Aquinas upheld these arguments as valid and true and adopted these proof sin his Quinque Viae (Five
ways) to prove God’s Existence. Yet, he saw that they do not reveal the nature of God.
Philosophy of Happiness
-He taught that man naturally longs for perfection and happiness and this personal longing can be
realized with the full development of all man’s endowments – rational, moral, emotional, social,
physical and intellectual.
-He saw the highest perfection and happiness possible to man beyond his temporal life, because the
immortality of the human soul.
* The perfect happiness which all men seek can be found in God, according to St. Thomas Aquinas.

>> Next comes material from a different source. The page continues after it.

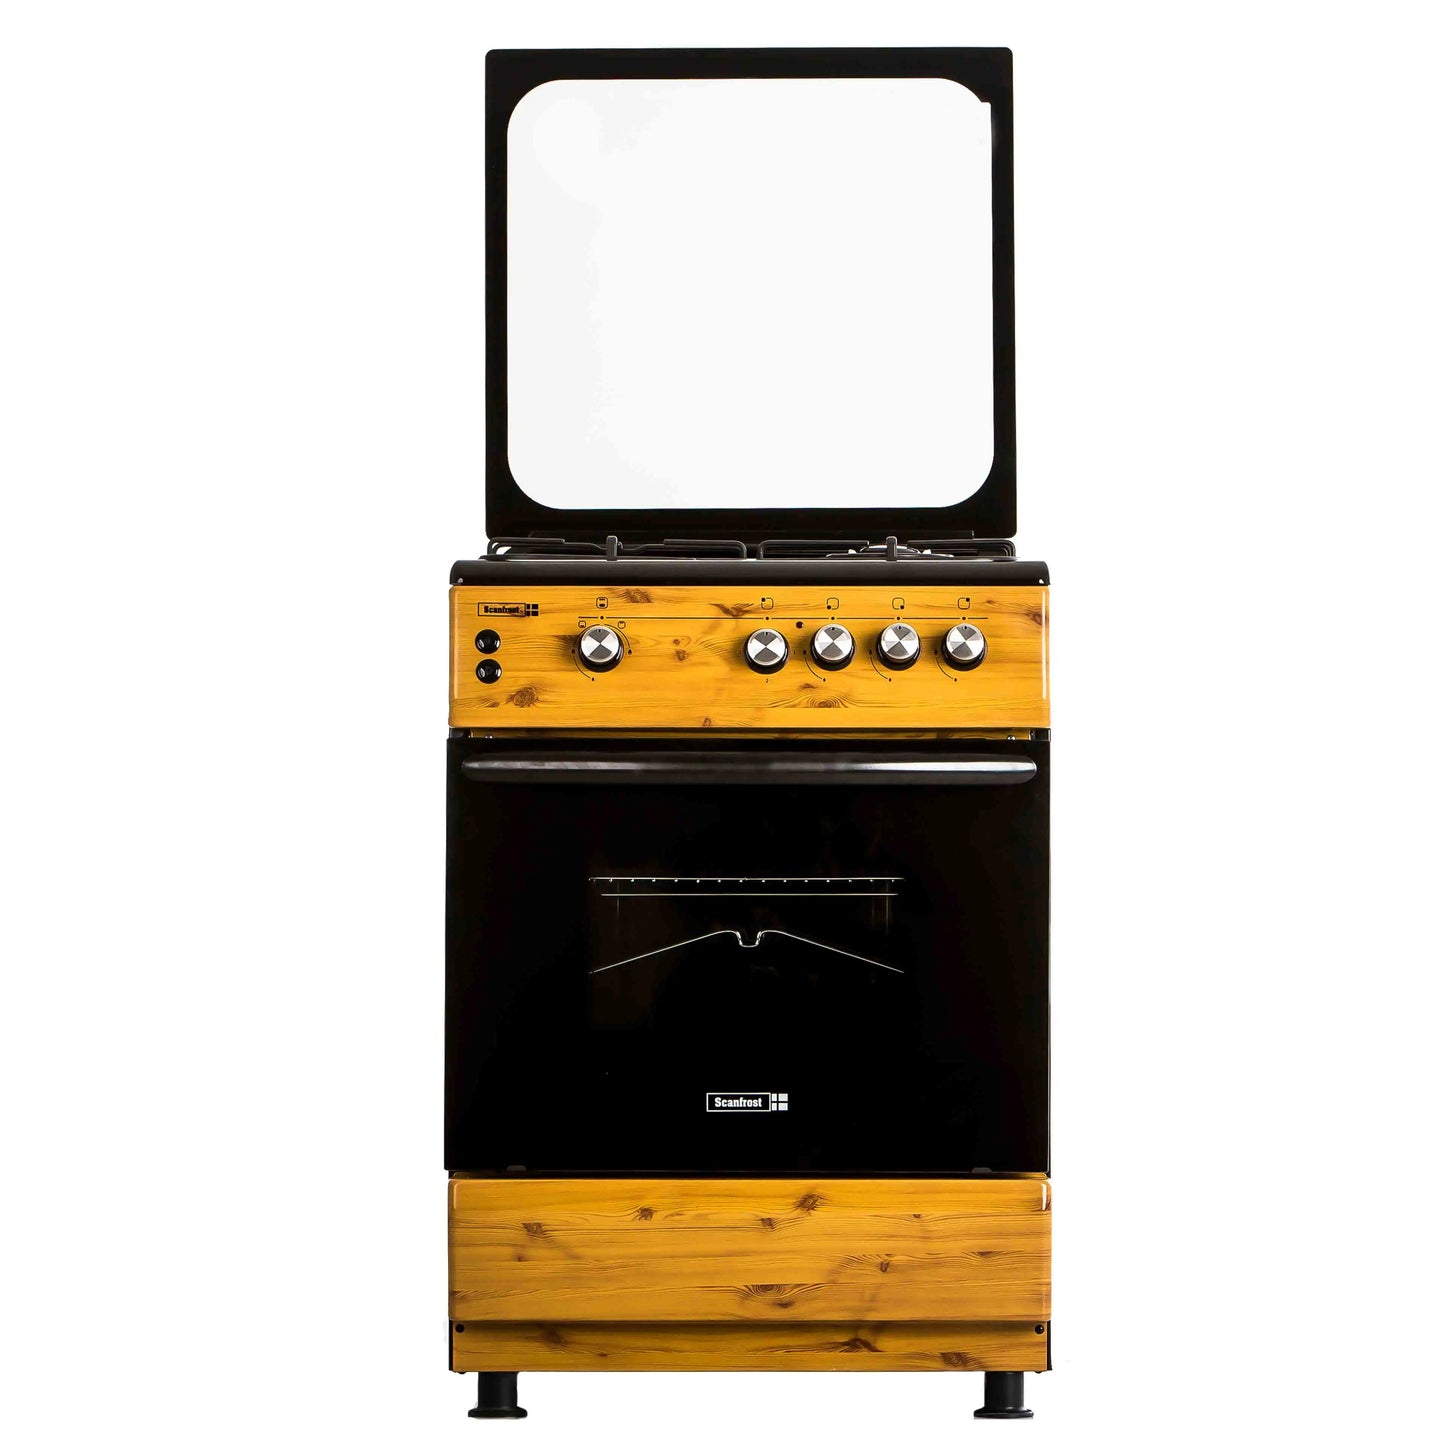 Scanfrost 60x60 3 Gas Burner + 1 Electric Hotplate Standing Cooker (wood finish)  CK6312NG

It is also implied in the First Epistle of the St. John, chapter four and verse
eight that reveals God as LOVE, then by loving we are likened to God who
is love, and if we love perfectly and constantly, we identify ourselves with
love.
Man has the unique power to change himself and the things around him
for the better indeed, in accordance with his urge to be perfect and
happy, he can improve and even perfect himself; and what is still more
marvelous is that he can even transcend himself.
TRANSCENDENTAL
– came from the Latin word transcendere, which means to transcend, go
beyond, soar above, surpass.
Thus, the universal man of Aristotle who is perfect in his own right, is still
imperfect in comparison with the transcendental man of Aquinas.
PERFECTION BY PARTICIPATION
We speak of the transcendental man as absolutely perfect but only insofar as
he participates in the Absolutely Absolute Perfection of God,
In his monumental work, The Summa Theologica. Aquinas dealt with the
question whether man or a higher being can raise man to the level of the
infinitely perfect.
He answered saying that neither man by his natural powers alone nor a
higher being such an angel can effectuate said elevation or transformation.
Between the finite creature and the infinite creator lies an infinite Gap which
can be bridged only by an infinite power, aptly called and indentified with
LOVE because it unites and bespeaks of the nature of God.